2. The second code cell runs the dot command `.read sched.sql` within the *sqlite3* program. the `.read` command causes each line of the *sched.sql* file to be executed with *sqlite3*.
3. The `.output schedule.csv` redirects all output to the *schedule.csv* file.
4. The `.mode csv` command changes the output format to comma separated value.
5. Finally, we run a `SELECT` query on the *wasno2020.sqlte3* database.

The end result is the entire schedule table is converted to CSV format and saved to the *schedule.csv* file. You can view this file in Jupyter or Google Colab by clicking on the file icon on the left side of the screen, then double-clicking on the *schedule.csv* file.
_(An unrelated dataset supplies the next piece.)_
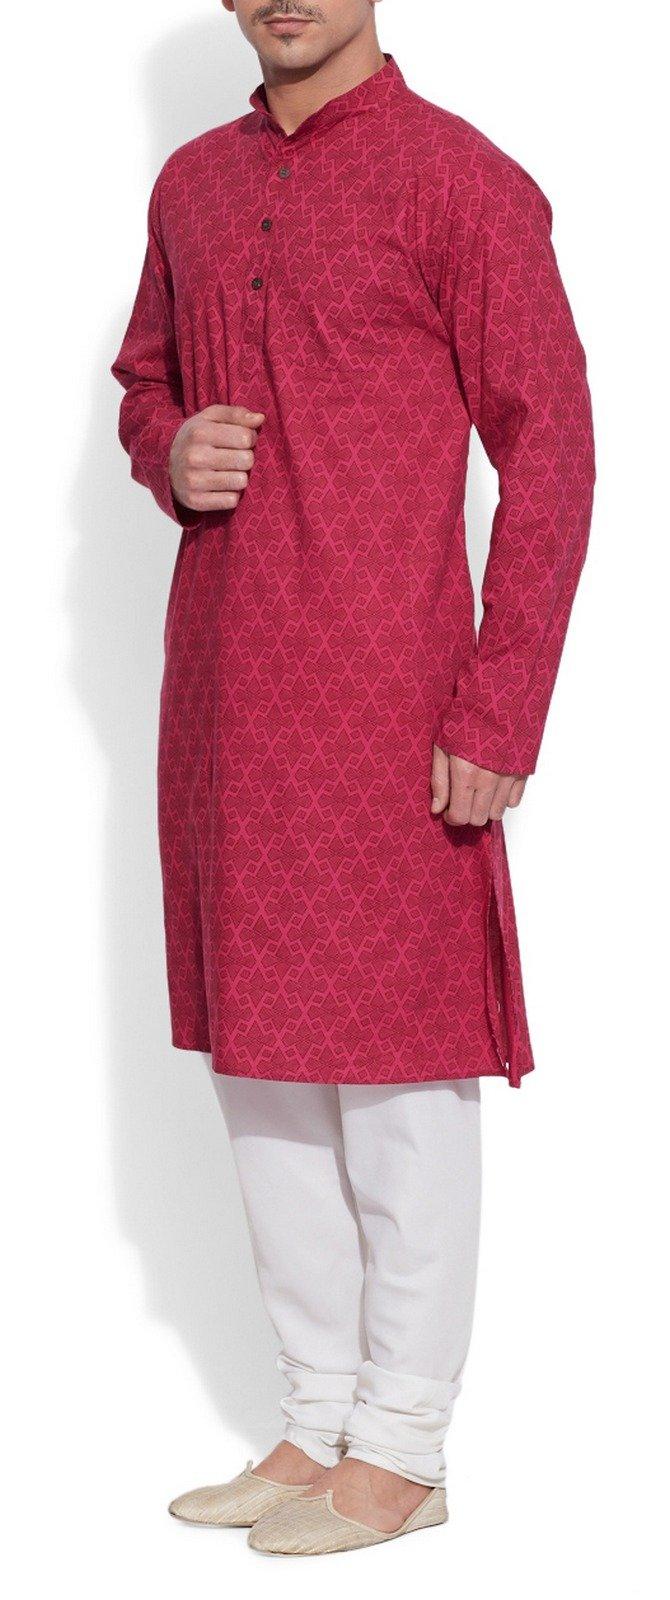 ShalinIndia Cotton Long Nehru Collar Indian Mens Kurta Shirt 3 pockets Magenta 46 by ShalinIndia (Image #5)

Here are a few more useful dot commands:
* `.help`: Lists all availale dot commands. Entering the name of the dot command after `.help` provides additional guidance on that dot command. For example, `.help mode` displays all output modes supported by the SQLite CLI.
* `.databases`: Lists the database files that the SQLite CLI is connected to.
* `.dump`: Produce SQL queries that will recreate the entire database.
* `.mode`: Change the way that query output is displayed. Options include `json`, `csv`, `tabs` (tab separated values), `html` (for HTML tables), `column`, and `list` (the default). There are many other options.
* `.ouput`: Save query output to the designated text file instead of displaying it on the screen.
* `.read`: Executes every SQL command or dot command in the provided text file.
* `.schema`: Display the schema of every table in the database.
* `.tables`: Lists all tables in the database.

[Refer to the *SQLite* command line shell's official documentation for more information.](https://sqlite.org/cli.html)

### C. Exercises 7 - 9

**Ex. #7.** Execute a query that shows the first six rows of the *schedule* table. Create your own connection object, use the `pd.read_sql_query()` function to save the results to a dataframe, close the connection, and display the dataframe.

In [None]:
# Ex #7.



**Ex. #8.** Run SQLite from PowerShell (Windows) or Terminal (Mac) and execute a query that shows all matches for team 2930, the *Sonic Squirrles*. Paste the query results below.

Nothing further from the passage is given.